Forum Moderators: open

Message Too Old, No Replies

Block PDF from being spidered within weblink. Possible?

         

martinbsp

7:52 pm on May 16, 2005 (gmt 0)

10+ Year Member



Is it possible to put something in a weblink to stop it being spidered?

For example, I have a webpage that has the synopsis of a technical paper on it (this is HTML). On this page is a link to the full PDF. Is it possible to put something into the link to the PDF to stop it being spidered, e.g.

nofollow:http://wwwipaper17.pdf

or do I actually have to write something into the HTML itself?

Thanks

Martin

P.S. No programming knowledge at all

Robin_reala

7:57 pm on May 16, 2005 (gmt 0)

WebmasterWorld Senior Member 10+ Year Member



Well, for Google at least you could put:

<a href="http://wwwipaper17.pdf" rel="nofollow">

No idea if other search engines have adopted that.

martinbsp

8:08 pm on May 16, 2005 (gmt 0)

10+ Year Member



OK bear with me here. When I use the editor at work (WYSIWYG) I highlight text I want to turn into a link and then type a link in. The text is then turned into a link.

Are you saying I just type that text string in there, or would I have to type that directly into the HTML code?

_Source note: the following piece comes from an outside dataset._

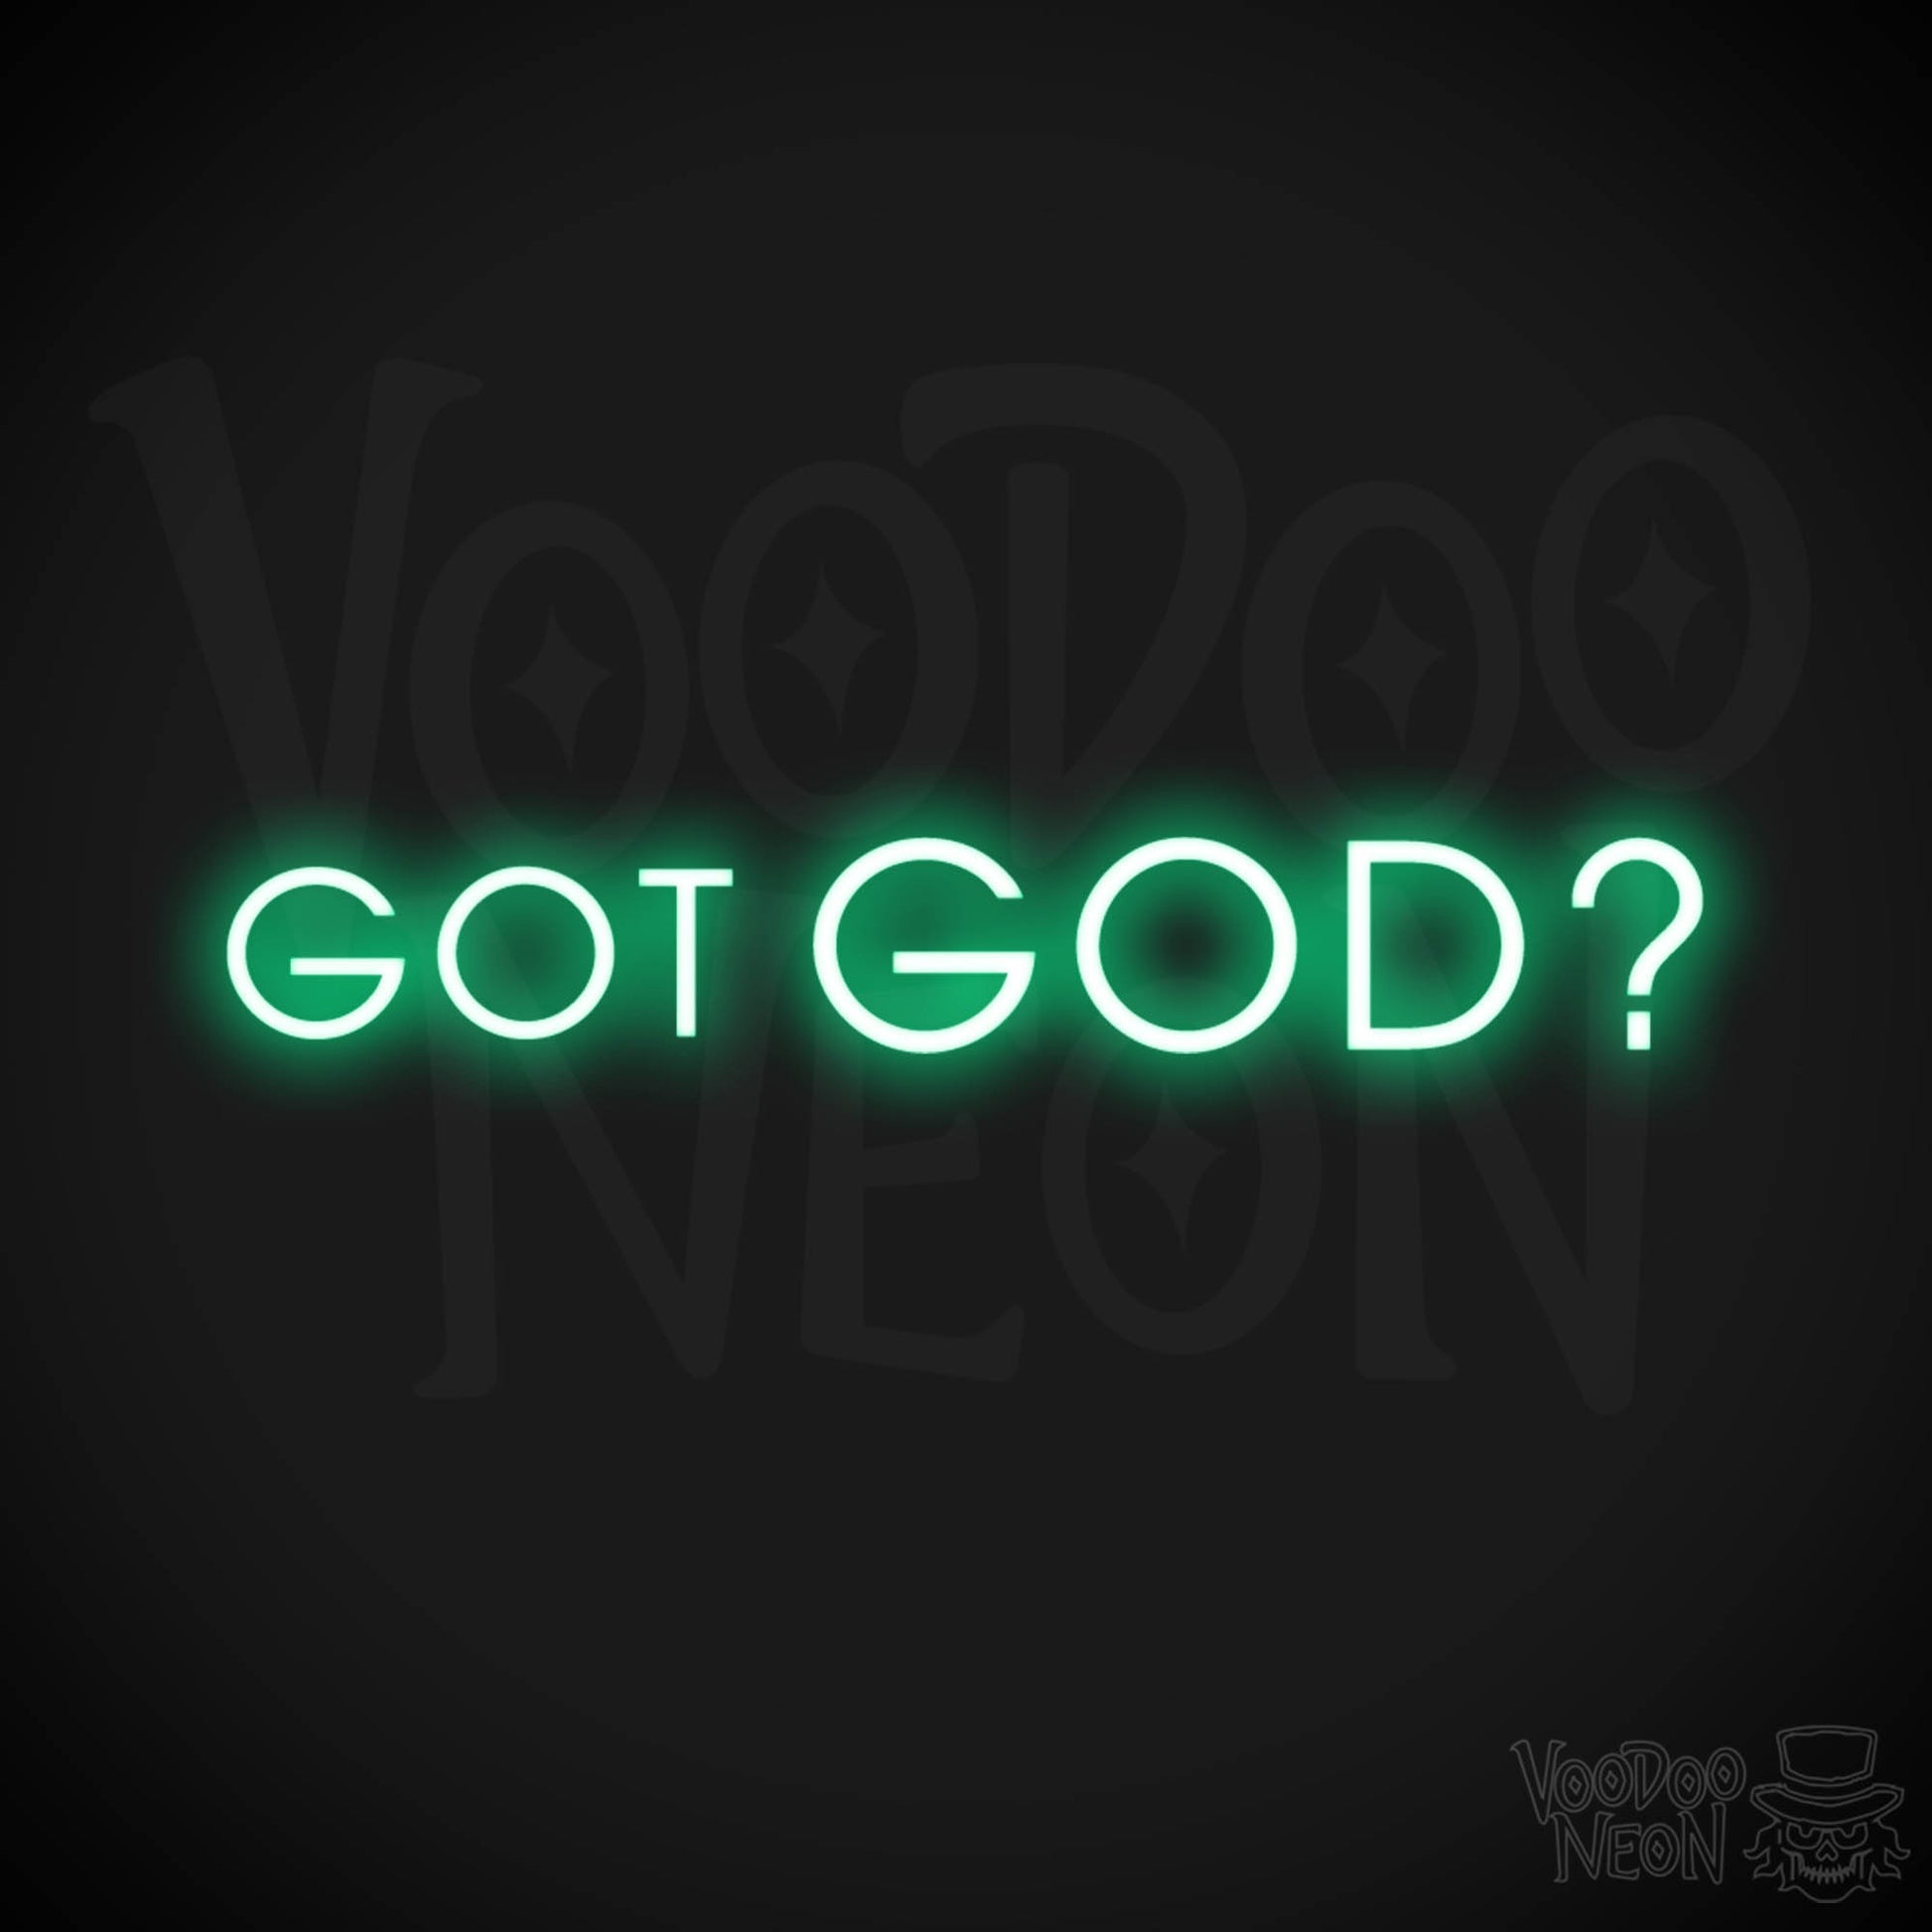 Got God Neon Sign - Neon Got God Sign - Neon God Sign - LED Wall Art - Color Green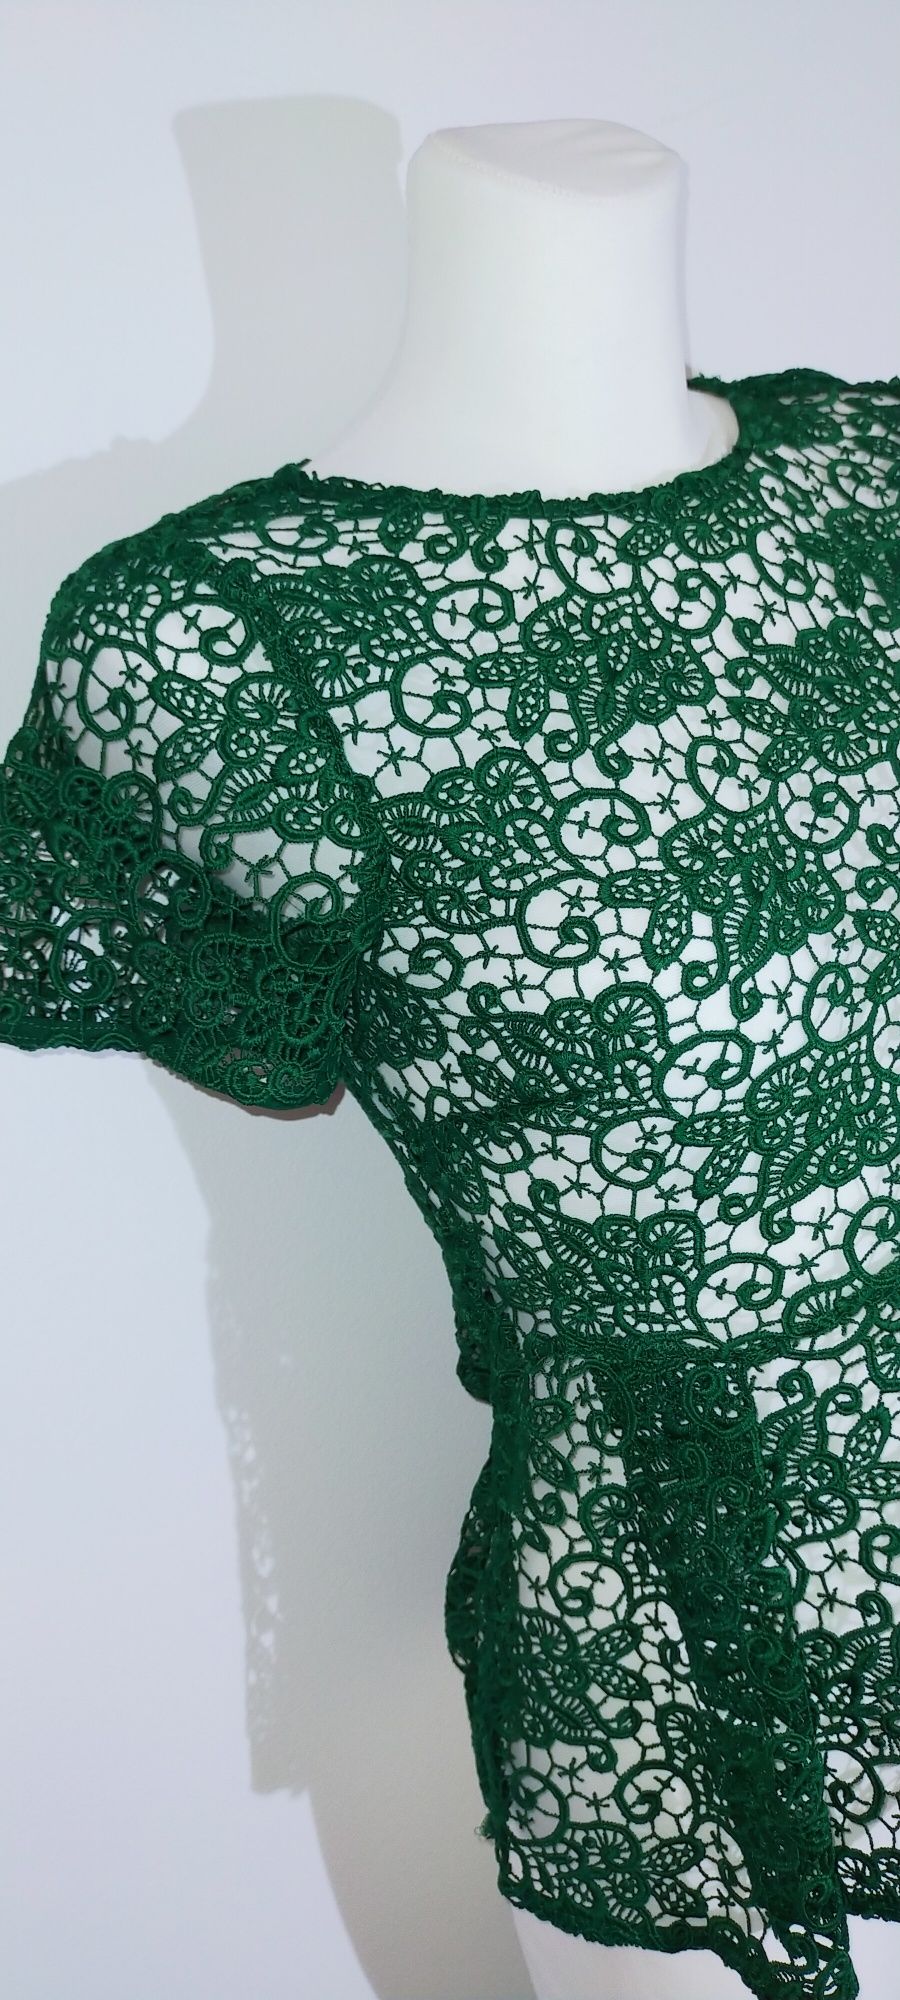 Bluzka elegancka baskinka koronkowa butelkowa zieleń 34 XS

Sorry, IT is not my strong point.

Thanks

girish

8:15 pm on May 16, 2005 (gmt 0)

10+ Year Member



block it in the robots.txt

Lord Majestic

8:17 pm on May 16, 2005 (gmt 0)

WebmasterWorld Senior Member 10+ Year Member




<a href="http://wwwipaper17.pdf" rel="nofollow">

No idea if other search engines have adopted that.

Nooooooooooooooooooooooooooo -- nofollow only means the link won't get weight, it does not mean it won't be followed - there is no obligation taken by search engine not to follow the link: this value is meant to be used for ranking purposes.

Robin_reala

12:34 pm on May 17, 2005 (gmt 0)

WebmasterWorld Senior Member 10+ Year Member



Uh.

Sorry, I really should have remembered that :(

TheDoctor

4:41 pm on May 30, 2005 (gmt 0)

WebmasterWorld Senior Member 10+ Year Member



Apologies for the late intervention here, but you could use

<a href="ftp://wwwipaper17.pdf">

ie type "ftp" where you would normally type "http" in the link. Search engine bots will not follow an ftp link, since ftp is not, technically speaking, a web protocol (so don't use it for web pages, only things like pdf files and the like, that should be downloaded rather than viewed).

However, using ftp will not do you much good unless you find out where the server you use expects to find ftp files. This can vary from host to host. One that I use allows me to put them in the same directories as my http files, while another demands I put them in a different place. Yours may do either of these, so you'll have to find out. Just ask technical support where to put an ftp file. You will not get a rude answer.

One downside if you do this is that you will not get numbers of times the paper is downloaded in your logs, since logs only record web activity (ie http and https).

krt1

12:09 am on May 31, 2005 (gmt 0)

10+ Year Member



Just put
/disallow *.pdf
in robots.txt